May 6 10:36:22 node01 kernel: drbd0: self
A6DAADF5FB98B6D0:95905CADE9DCFB23:3CF9226F2C03C538:0000000000000004
May 6 10:36:22 node01 kernel: drbd0: peer
CDCCE6A3D5BA3FFC:95905CADE9DCFB23:3CF9226F2C03C538:0000000000000004
May 6 10:36:22 node01 kernel: drbd0: helper command: /sbin/drbdadm
split-brain
May 6 10:36:22 node01 kernel: drbd0: conn( WFReportParams ->
Disconnecting )
May 6 10:36:22 node01 kernel: drbd0: error receiving ReportState, l: 4!
May 6 10:36:22 node01 kernel: drbd0: asender terminated
May 6 10:36:22 node01 kernel: drbd0: Terminating asender thread
May 6 10:36:22 node01 kernel: drbd0: tl_clear()

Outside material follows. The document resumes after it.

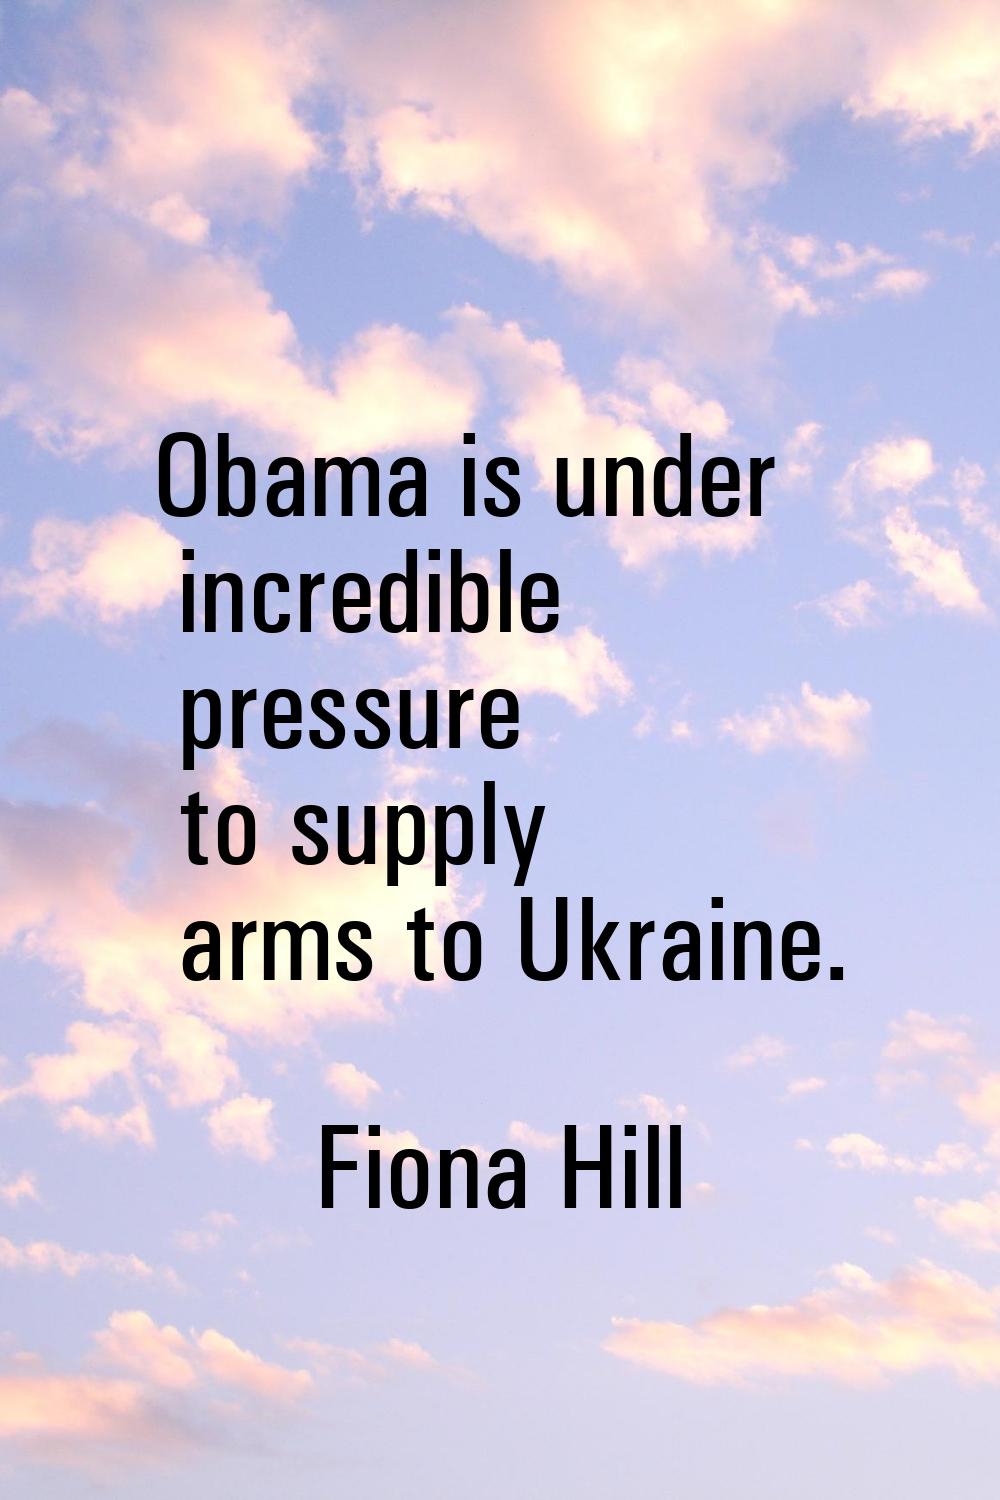 Obama is under incredible pressure to supply arms to Ukraine.

May 6 10:36:22 node01 kernel: drbd0: Connection closed
May 6 10:36:22 node01 kernel: drbd0: conn( Disconnecting -> StandAlone )
May 6 10:36:22 node01 kernel: drbd0: receiver terminated
May 6 10:36:22 node01 kernel: drbd0: Terminating receiver thread
May 6 10:40:43 node01 kernel: drbd0: conn( StandAlone -> Unconnected )

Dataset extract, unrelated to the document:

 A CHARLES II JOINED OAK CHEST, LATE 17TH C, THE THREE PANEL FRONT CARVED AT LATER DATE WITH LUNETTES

May 6 10:40:43 node01 kernel: drbd0: Starting receiver thread (from
drbd0_worker [16858])
May 6 10:40:43 node01 kernel: drbd0: receiver (re)started
May 6 10:40:43 node01 kernel: drbd0: conn( Unconnected -> WFConnection )

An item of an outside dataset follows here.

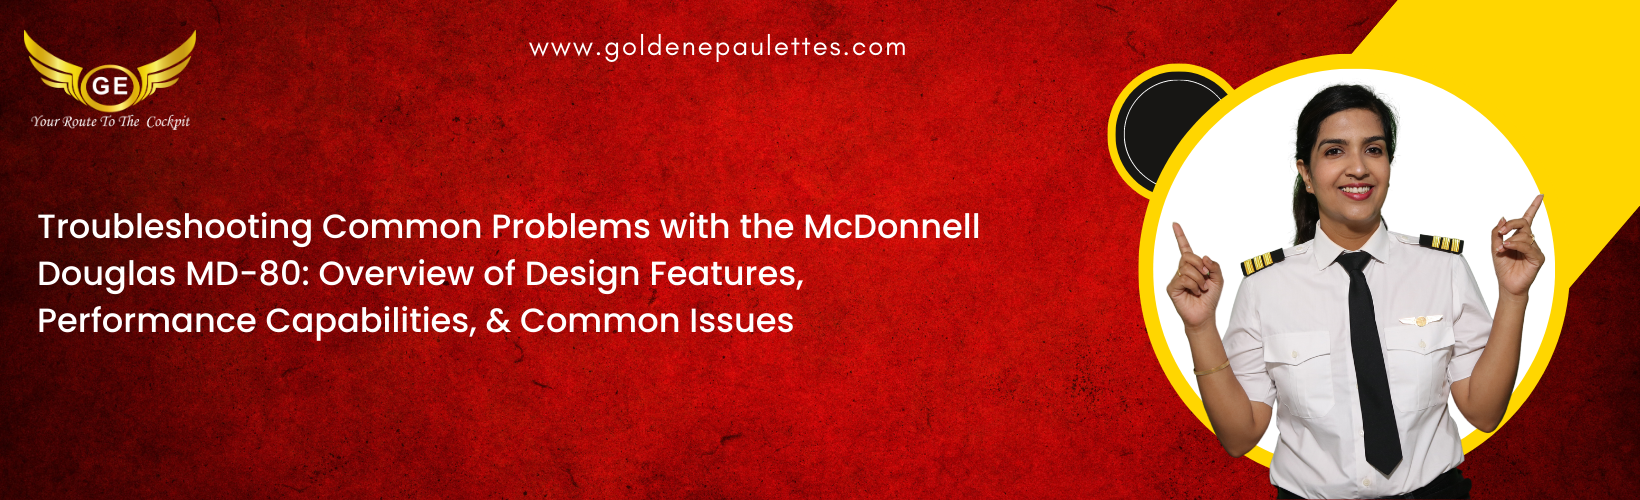 Troubleshooting Common Problems with the McDonnell Douglas MD

May 6 10:40:53 node01 kernel: drbd0: Handshake successful: Agreed
network protocol version 88
May 6 10:40:53 node01 kernel: drbd0: conn( WFConnection ->
WFReportParams )
May 6 10:40:53 node01 kernel: drbd0: Starting asender thread (from
drbd0_receiver [17038])
May 6 10:40:53 node01 kernel: drbd0: data-integrity-alg: <not-used>
May 6 10:40:53 node01 kernel: drbd0: Split-Brain detected, manually
solved. Sync from this node
May 6 10:40:53 node01 kernel: drbd0: peer( Unknown -> Secondary ) conn(
WFReportParams -> WFBitMapS )
May 6 10:40:53 node01 kernel: drbd0: Writing meta data super block now.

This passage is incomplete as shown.